▶ Data for this task
::::

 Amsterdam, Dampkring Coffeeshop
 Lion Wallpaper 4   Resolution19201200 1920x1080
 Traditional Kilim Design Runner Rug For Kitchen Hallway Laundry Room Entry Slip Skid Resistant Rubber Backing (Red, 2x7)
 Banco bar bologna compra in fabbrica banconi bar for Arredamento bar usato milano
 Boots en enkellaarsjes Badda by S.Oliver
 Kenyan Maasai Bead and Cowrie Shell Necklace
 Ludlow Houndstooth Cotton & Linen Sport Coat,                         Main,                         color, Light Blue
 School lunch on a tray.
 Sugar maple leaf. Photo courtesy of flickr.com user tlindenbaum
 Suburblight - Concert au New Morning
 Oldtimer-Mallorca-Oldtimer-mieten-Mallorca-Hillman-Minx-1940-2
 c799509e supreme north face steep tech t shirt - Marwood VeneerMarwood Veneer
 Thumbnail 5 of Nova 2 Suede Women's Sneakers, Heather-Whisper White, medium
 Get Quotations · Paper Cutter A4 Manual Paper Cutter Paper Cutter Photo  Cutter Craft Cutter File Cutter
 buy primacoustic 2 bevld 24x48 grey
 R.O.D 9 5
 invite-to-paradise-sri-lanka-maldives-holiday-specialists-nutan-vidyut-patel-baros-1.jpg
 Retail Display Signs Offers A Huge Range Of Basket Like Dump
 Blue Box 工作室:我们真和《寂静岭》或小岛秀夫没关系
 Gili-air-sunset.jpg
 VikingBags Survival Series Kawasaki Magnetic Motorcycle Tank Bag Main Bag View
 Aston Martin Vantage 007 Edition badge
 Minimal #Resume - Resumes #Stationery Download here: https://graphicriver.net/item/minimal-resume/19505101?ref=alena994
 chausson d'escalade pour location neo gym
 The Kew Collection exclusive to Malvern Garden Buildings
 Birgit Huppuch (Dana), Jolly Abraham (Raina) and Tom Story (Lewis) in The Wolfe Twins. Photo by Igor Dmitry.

::::

Please repeat the complete material exactly, with nothing omitted.

▶ Reply
 Amsterdam, Dampkring Coffeeshop
 Lion Wallpaper 4   Resolution19201200 1920x1080
 Traditional Kilim Design Runner Rug For Kitchen Hallway Laundry Room Entry Slip Skid Resistant Rubber Backing (Red, 2x7)
 Banco bar bologna compra in fabbrica banconi bar for Arredamento bar usato milano
 Boots en enkellaarsjes Badda by S.Oliver
 Kenyan Maasai Bead and Cowrie Shell Necklace
 Ludlow Houndstooth Cotton & Linen Sport Coat,                         Main,                         color, Light Blue
 School lunch on a tray.
 Sugar maple leaf. Photo courtesy of flickr.com user tlindenbaum
 Suburblight - Concert au New Morning
 Oldtimer-Mallorca-Oldtimer-mieten-Mallorca-Hillman-Minx-1940-2
 c799509e supreme north face steep tech t shirt - Marwood VeneerMarwood Veneer
 Thumbnail 5 of Nova 2 Suede Women's Sneakers, Heather-Whisper White, medium
 Get Quotations · Paper Cutter A4 Manual Paper Cutter Paper Cutter Photo  Cutter Craft Cutter File Cutter
 buy primacoustic 2 bevld 24x48 grey
 R.O.D 9 5
 invite-to-paradise-sri-lanka-maldives-holiday-specialists-nutan-vidyut-patel-baros-1.jpg
 Retail Display Signs Offers A Huge Range Of Basket Like Dump
 Blue Box 工作室:我们真和《寂静岭》或小岛秀夫没关系
 Gili-air-sunset.jpg
 VikingBags Survival Series Kawasaki Magnetic Motorcycle Tank Bag Main Bag View
 Aston Martin Vantage 007 Edition badge
 Minimal #Resume - Resumes #Stationery Download here: https://graphicriver.net/item/minimal-resume/19505101?ref=alena994
 chausson d'escalade pour location neo gym
 The Kew Collection exclusive to Malvern Garden Buildings
 Birgit Huppuch (Dana), Jolly Abraham (Raina) and Tom Story (Lewis) in The Wolfe Twins. Photo by Igor Dmitry.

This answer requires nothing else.